🤖 AI Summary
Traditional demand estimation struggles to quantify implicit product attributes—such as visual design—leading to biased modeling of substitution relationships.
Method: We propose a novel method that automatically infers consumer substitution preferences from multimodal unstructured data (images and text) by jointly embedding visual and textual features via CLIP and BERT, and directly integrating these embeddings into a random-coefficients logit model—eliminating the need for manual attribute specification and enabling end-to-end learning of latent preferences and substitution structures. We combine choice experiment data with a counterfactual prediction framework.

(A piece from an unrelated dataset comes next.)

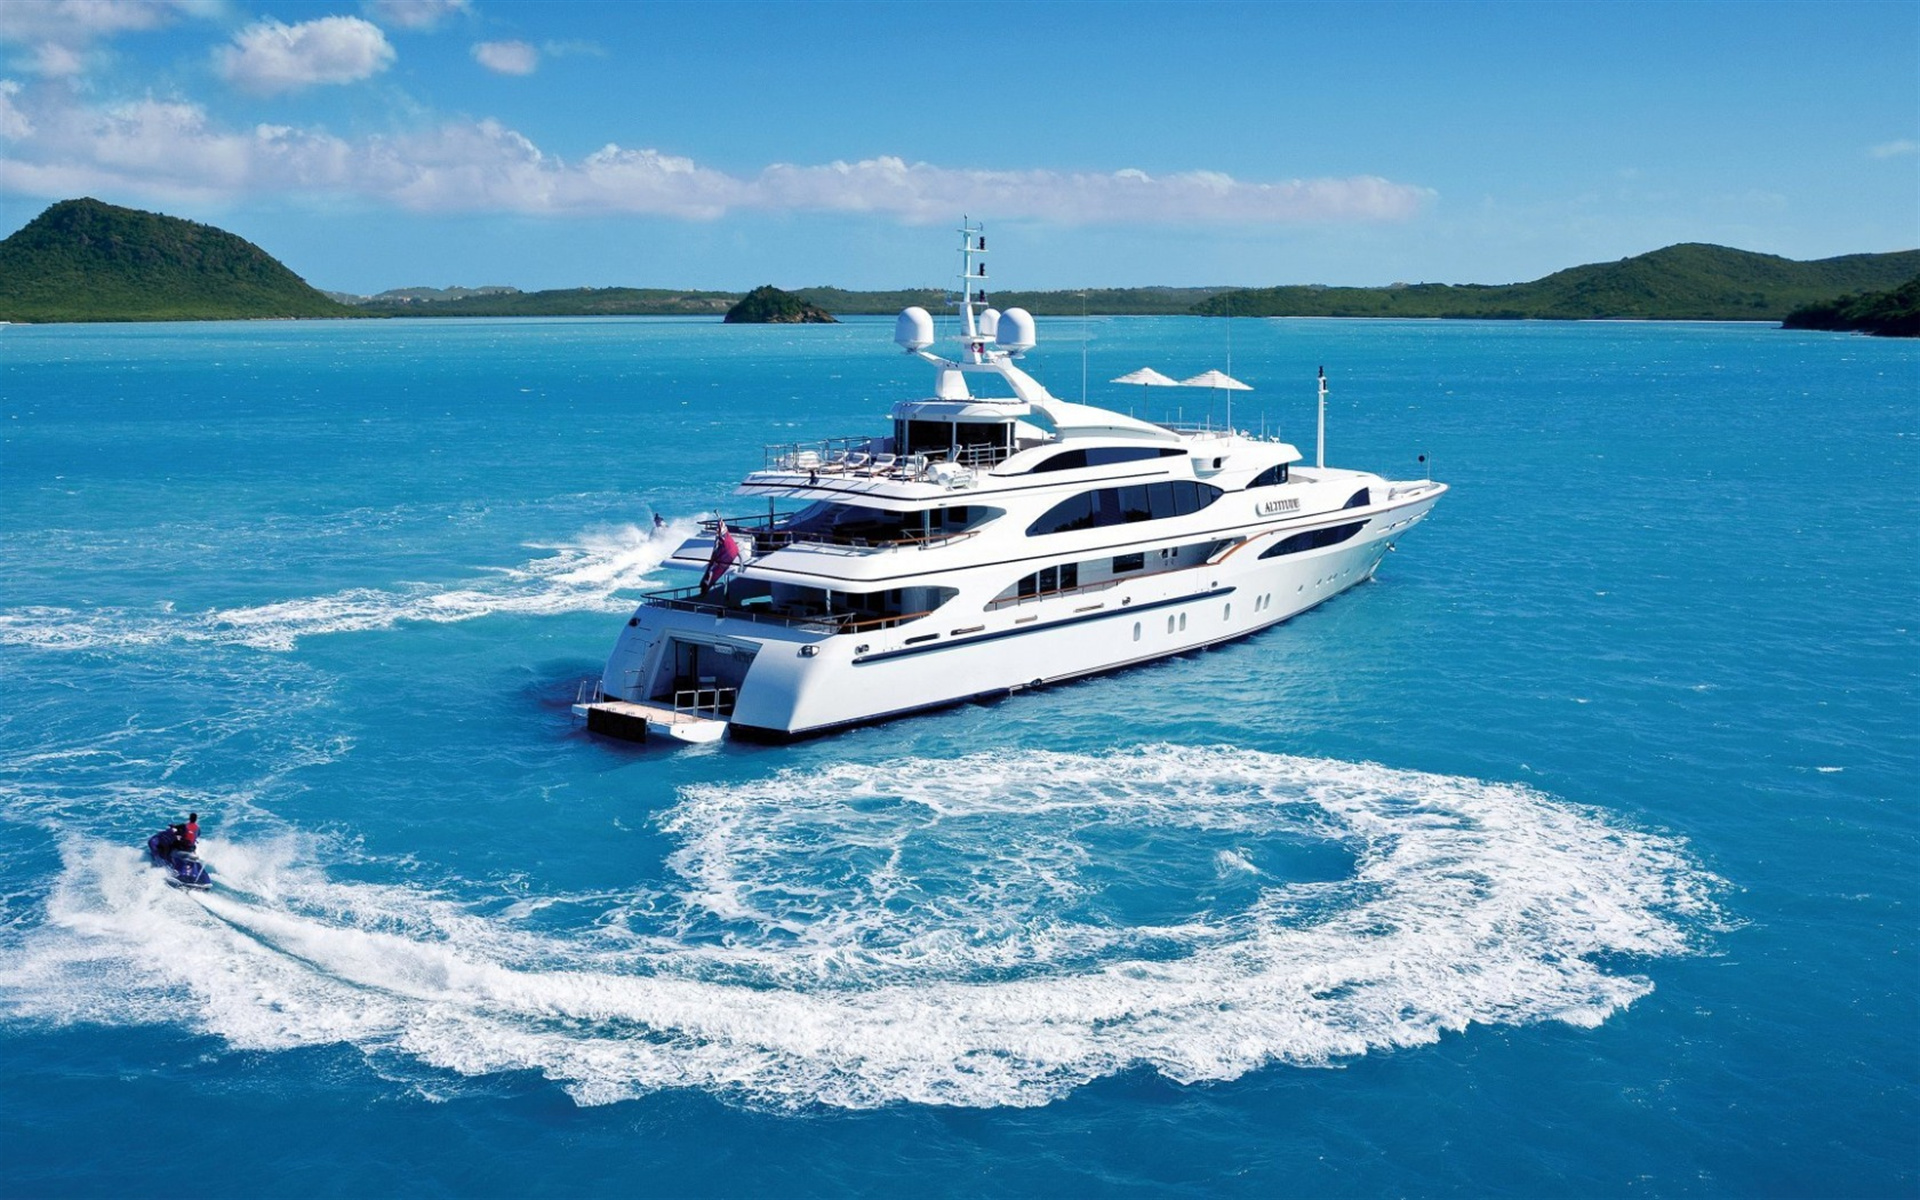 Yacht: Luxury white vessel, Caribbean Sea, Bay, Seascape. 1920x1200 HD Wallpaper.
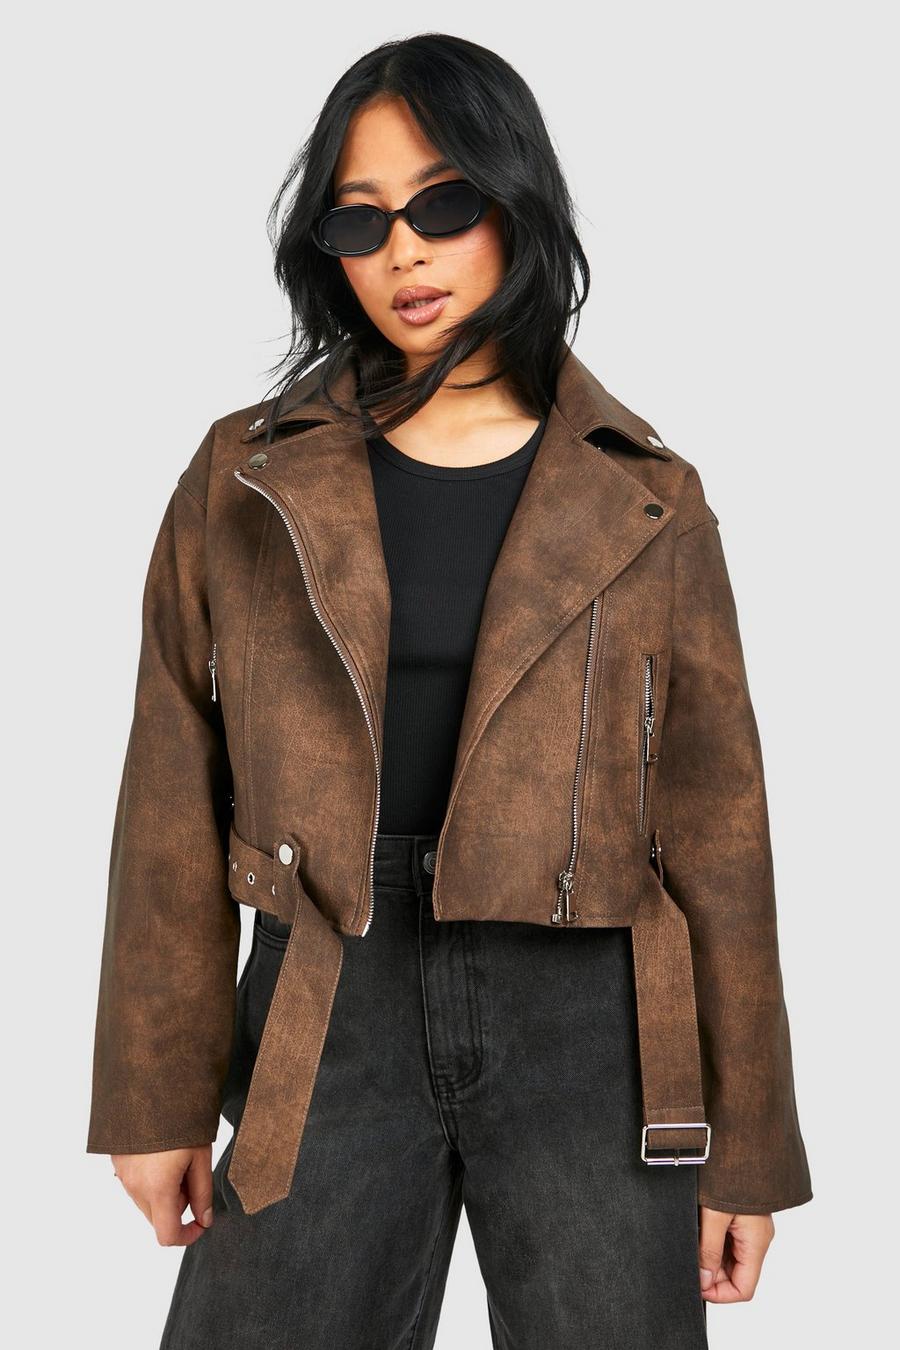 Dark brown Petite Vintage Look Faux Leather Moto Jacket

Results: Our approach significantly improves prediction accuracy for second-best alternatives in experiments. Empirically applied across 40 Amazon product categories, it consistently identifies substitution sets better aligned with market intuition. The method establishes a scalable, interpretable paradigm for demand modeling in high-dimensional, unstructured environments.
📝 Abstract
We propose a demand estimation method that leverages unstructured text and image data to infer substitution patterns. Using pre-trained deep learning models, we extract embeddings from product images and textual descriptions and incorporate them into a random coefficients logit model. This approach enables researchers to estimate demand even when they lack data on product attributes or when consumers value hard-to-quantify attributes, such as visual design or functional benefits. Using data from a choice experiment, we show that our approach outperforms standard attribute-based models in counterfactual predictions of consumers' second choices. We also apply it across 40 product categories on Amazon and consistently find that text and image data help identify close substitutes within each category.